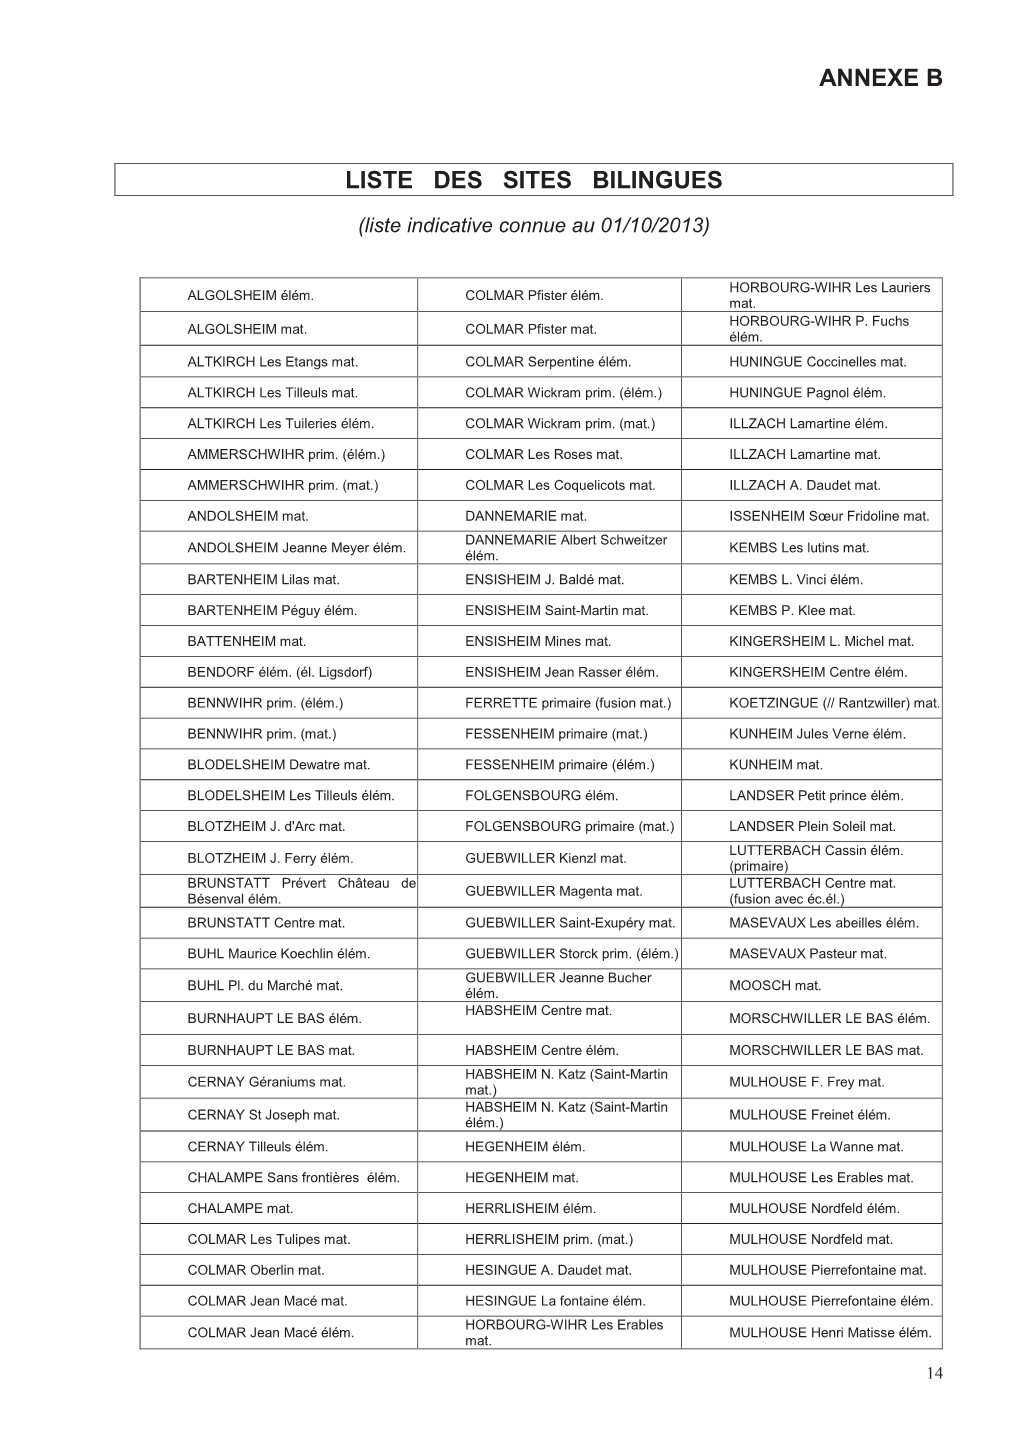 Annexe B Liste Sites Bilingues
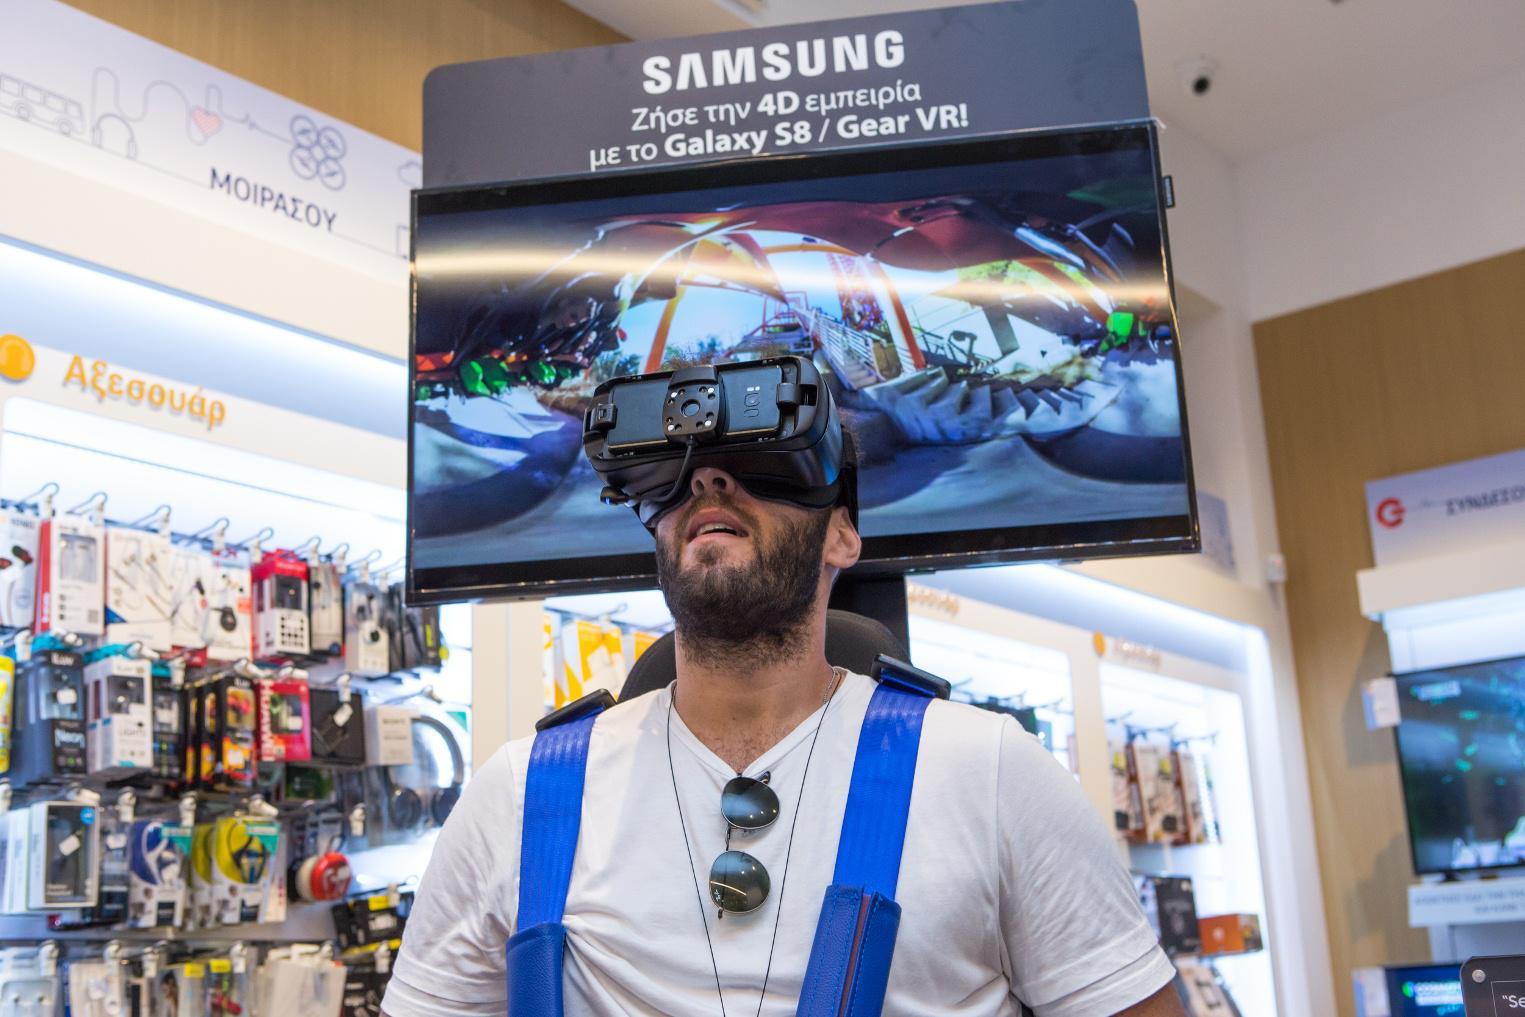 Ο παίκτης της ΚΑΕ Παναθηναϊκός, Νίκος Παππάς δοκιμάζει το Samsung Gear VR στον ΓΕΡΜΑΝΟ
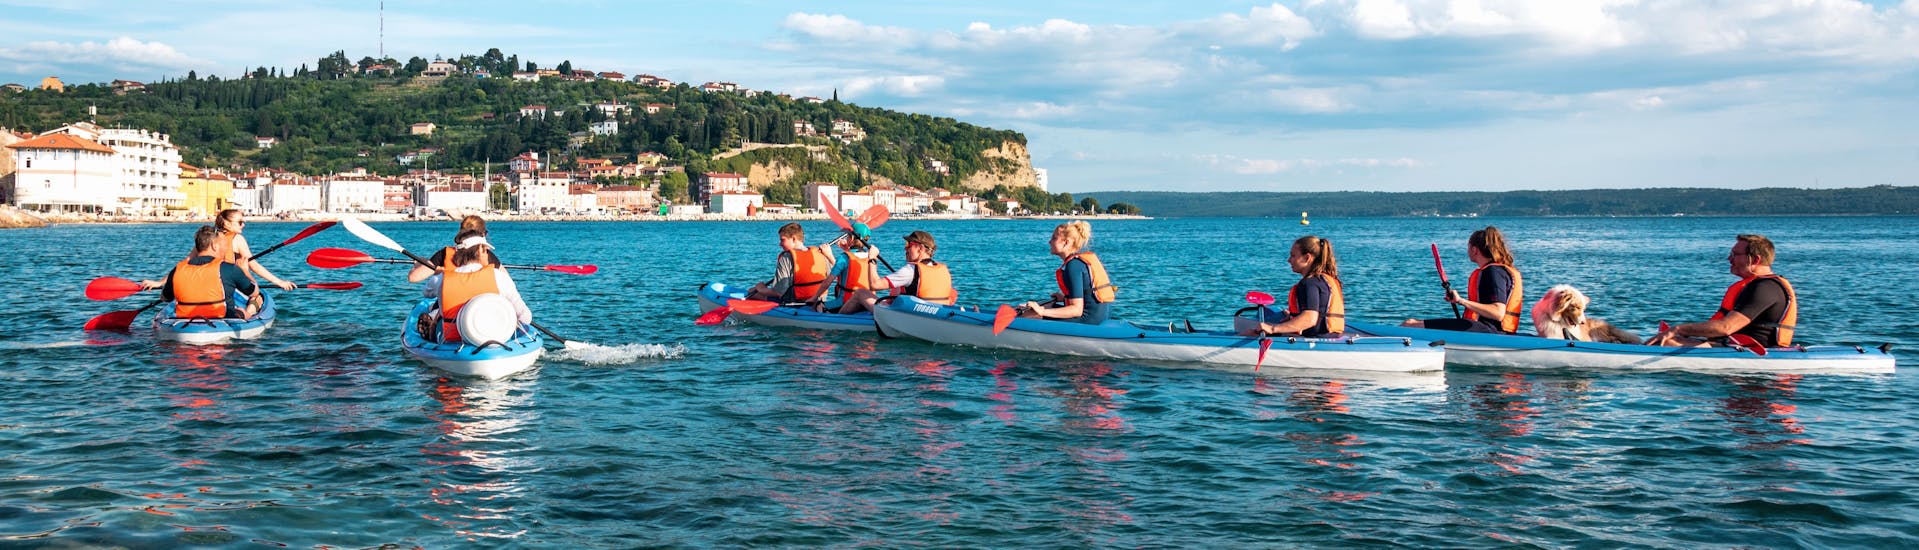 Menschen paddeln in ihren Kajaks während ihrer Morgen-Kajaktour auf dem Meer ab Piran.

===============

### YOUR GOAL
The whole listing is to be duplicated verbatim, apart from its images.

### WRITTEN REPLY
 Annexe B Liste Sites Bilingues
 Ο παίκτης της ΚΑΕ Παναθηναϊκός, Νίκος Παππάς δοκιμάζει το Samsung Gear VR στον ΓΕΡΜΑΝΟ
 Menschen paddeln in ihren Kajaks während ihrer Morgen-Kajaktour auf dem Meer ab Piran.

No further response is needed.